Life-cycle comparison of greenhouse gas emissions and water consumption for coal and shale gas fired power generation in China

• The GHG and water footprints of coal- and shale gas-fired electricity are estimated.
• A coal-to-shale gas shift can enable less GHG and water intensive power in China.
• The GHG emissions of shale gas-fired combined cycle technology is 530 g CO2e/kWh.
• The water consumption of shale gas-fired combustion turbine technology is 960 g/kWh.
• Shale gas-fired power generation technologies selection should be regional-specific.

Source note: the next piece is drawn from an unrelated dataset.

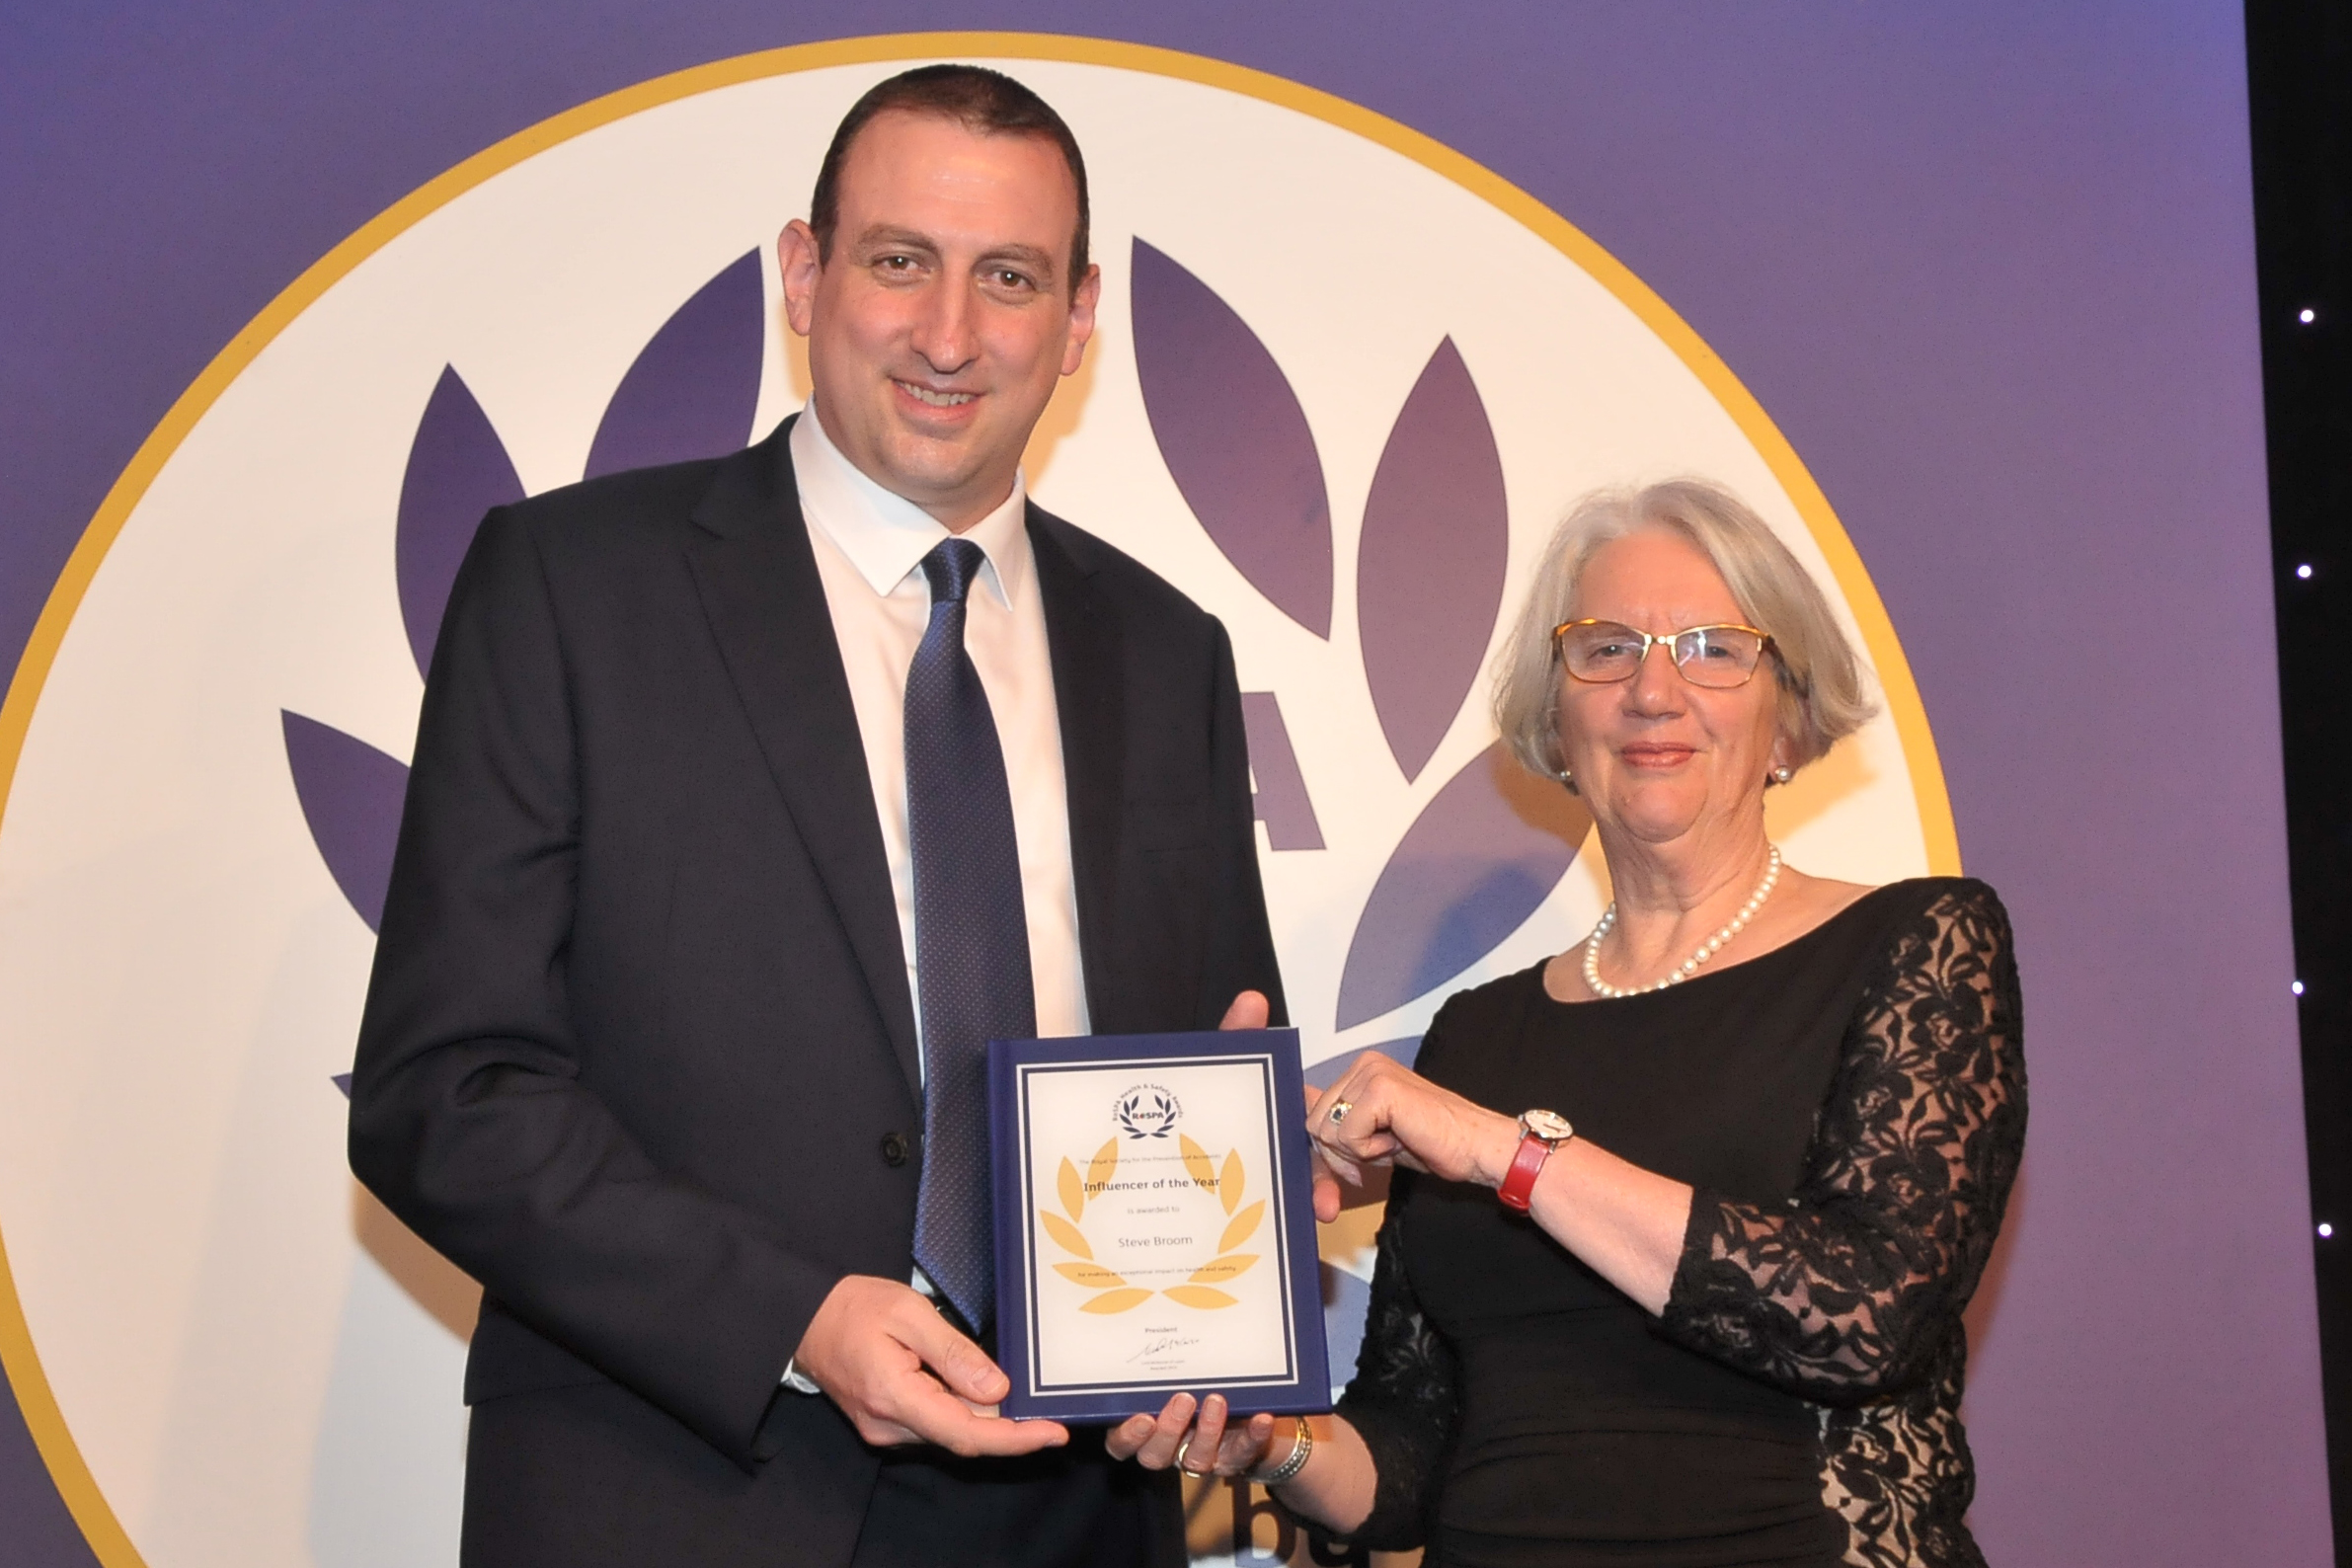 Dyer & Butler Director of Safety, Sustainability & Training Wins RoSPA Award
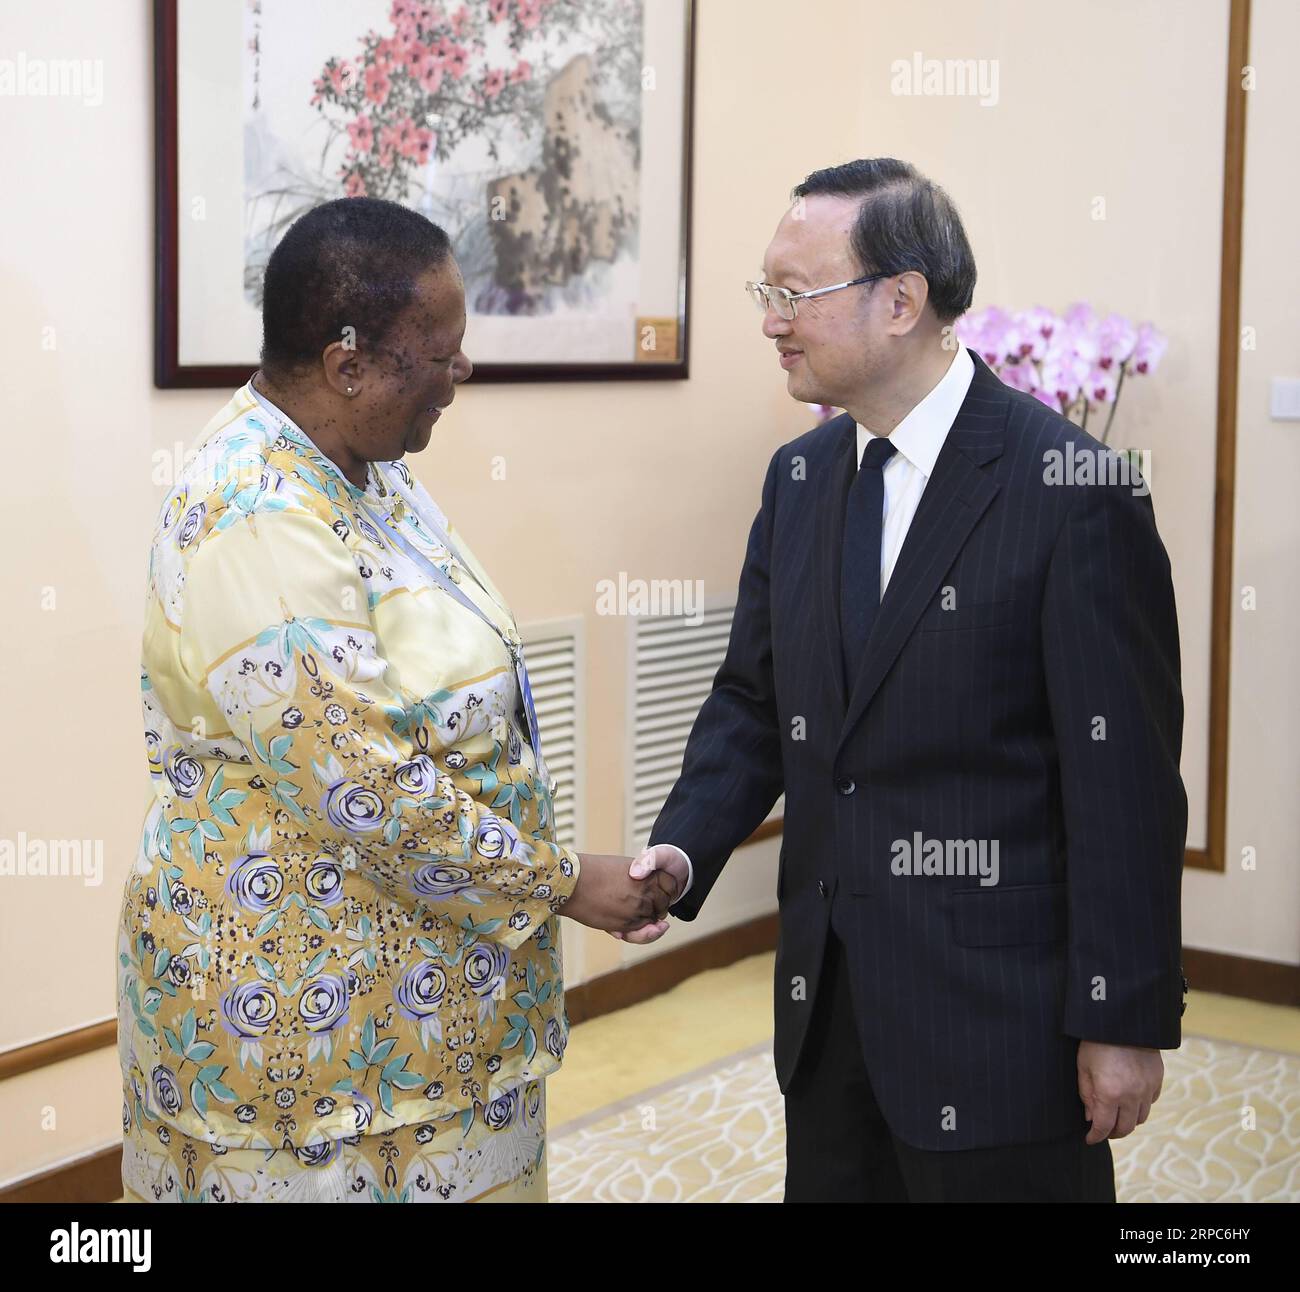 (190625) -- BEIJING, June 25, 2019 -- Yang Jiechi, a member of the Political Bureau of the Central Committee of the Communist Party of China (CPC) and director of the Office of the Foreign Affairs Commission of the CPC Central Committee, meets with South African Foreign Minister Naledi Pandor in Beijing, capital of China, June 25, 2019. ) CHINA-BEIJING-YANG JIECHI-SOUTH AFRICAN FM-MEETING (CN) ZhangxLing PUBLICATIONxNOTxINxCHN Stock Photo

China has the world's largest shale gas reserves, which might enable it to pursue a new pathway for electricity generation. This study employed hybrid LCI (life cycle inventory) models to quantify the ETW (extraction-to-wire) GHG (greenhouse gas) emissions and water consumption per kWh of coal- and shale gas-fired electricity in China. Results suggest that a coal-to-shale gas shift and upgrading coal-fired power generation technologies could provide pathways to less GHG and water intensive power in China. Compared to different coal-fired generation technologies, the ETW GHG emissions intensity of gas-fired CC (combined cycle) technology is 530 g CO2e/kWh, which is 38–45% less than China's present coal-fired electricity. Gas-fired CT (combustion turbine) technology has the lowest ETW water consumption intensity at 960 g/kWh, which is 34–60% lower than China's present coal-fired electricity. The GHG-water tradeoff of the two gas-fired power generation technologies suggests that gas-fired power generation technologies should be selected based on regional-specific water resource availabilities and electricity demand fluctuations in China. However, the low price of coal-fired electricity, high cost of shale gas production, insufficient pipeline infrastructures, and multiple consumers of shale gas resources may serve as barriers to a coal-to-shale gas shift in China's power sector in the near term.